■ About this task ■
Return the data below exactly as given, except for the images.

■ Exercise data ■
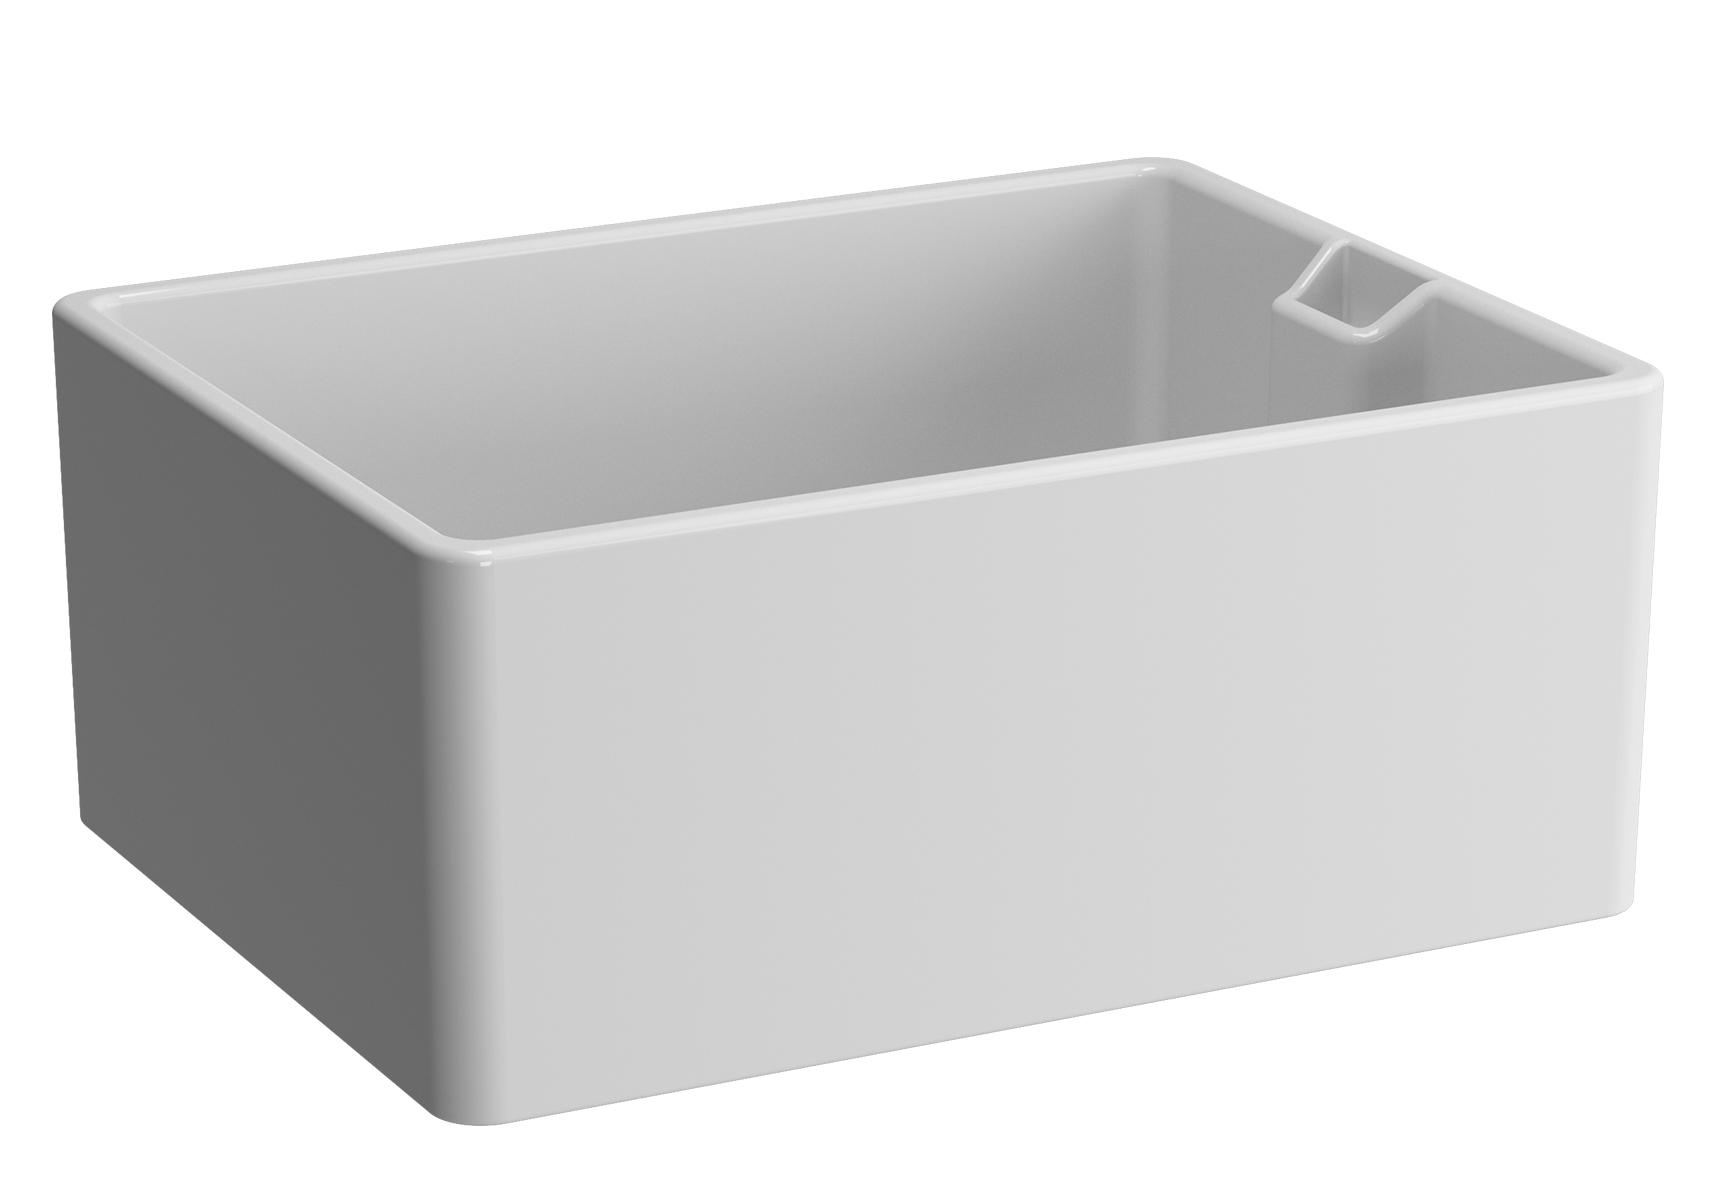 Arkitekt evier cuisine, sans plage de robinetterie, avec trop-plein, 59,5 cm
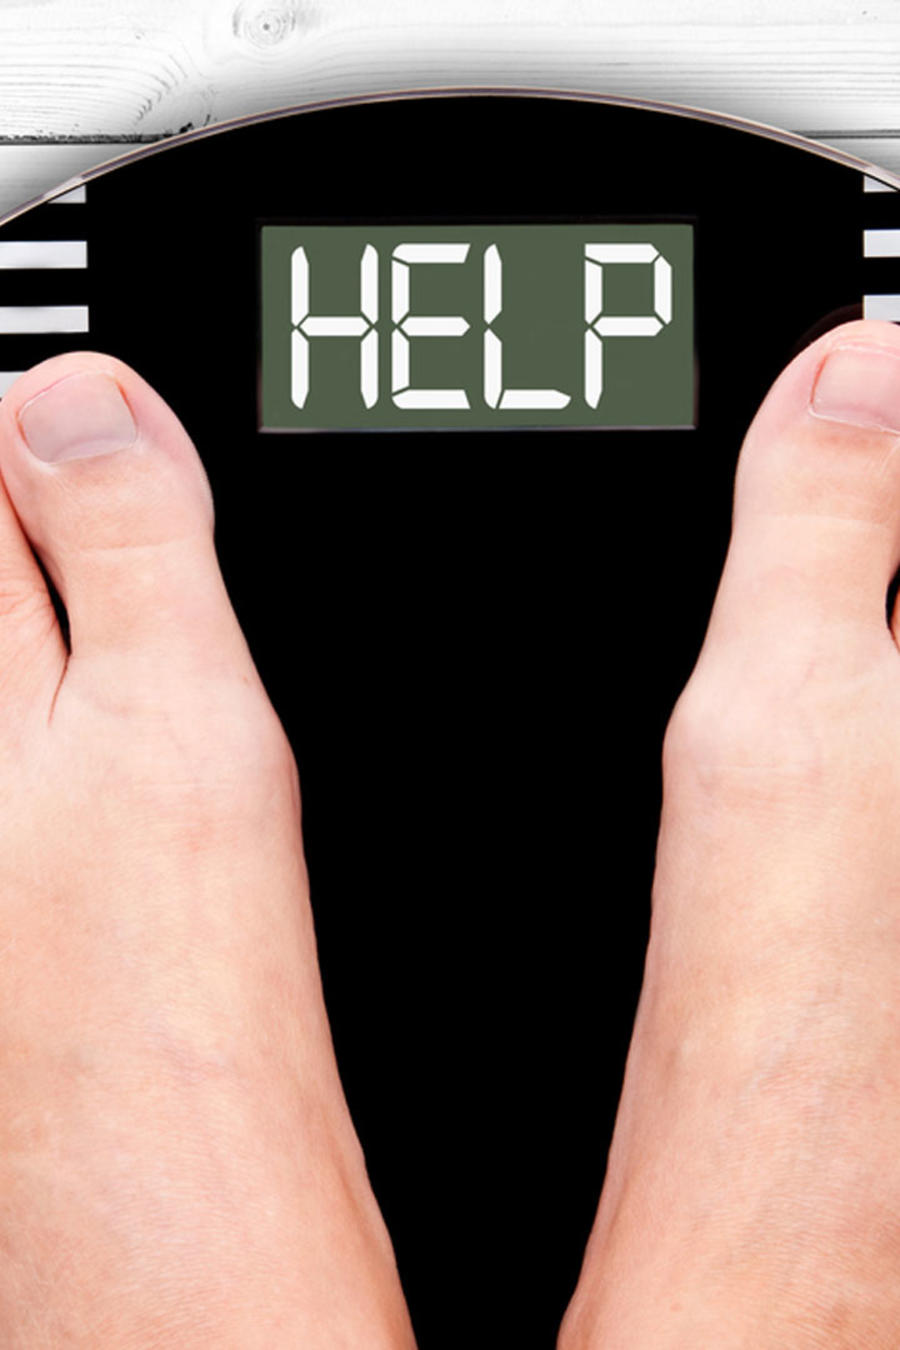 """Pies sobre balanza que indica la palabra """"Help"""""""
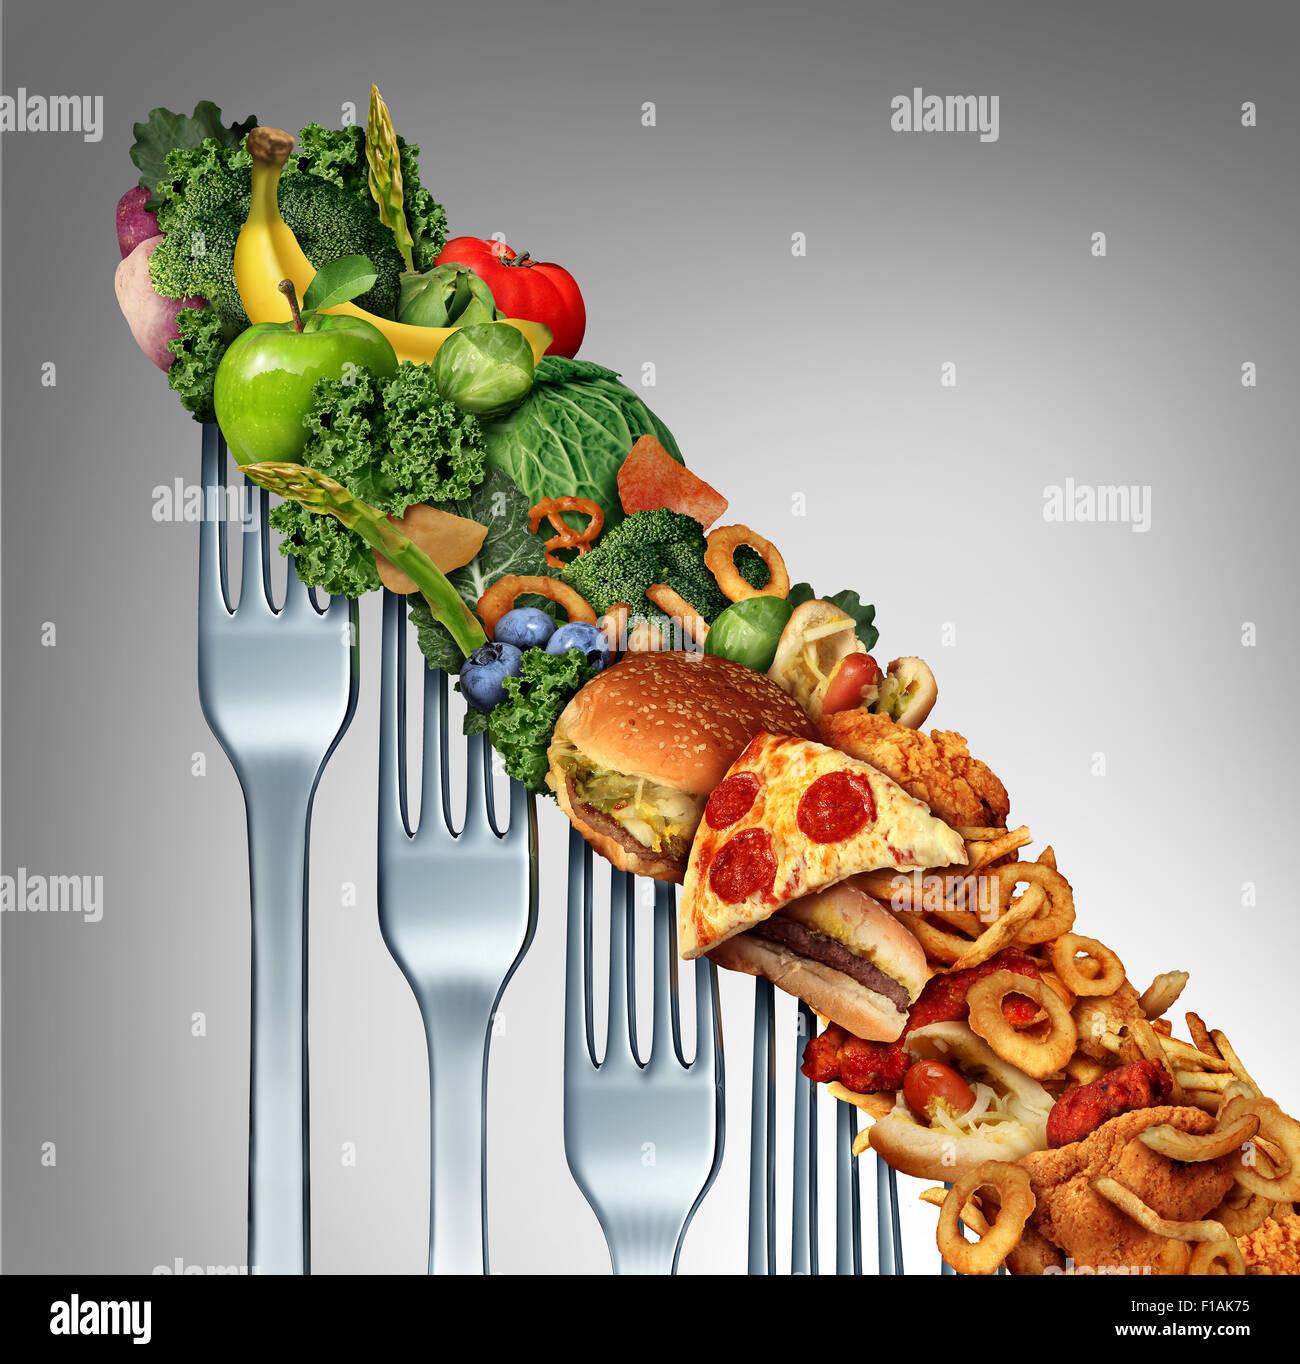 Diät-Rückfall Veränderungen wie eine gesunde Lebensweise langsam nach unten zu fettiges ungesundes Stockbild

■ Solution below ■
 Arkitekt evier cuisine, sans plage de robinetterie, avec trop-plein, 59,5 cm
 """Pies sobre balanza que indica la palabra """"Help"""""""
 Diät-Rückfall Veränderungen wie eine gesunde Lebensweise langsam nach unten zu fettiges ungesundes Stockbild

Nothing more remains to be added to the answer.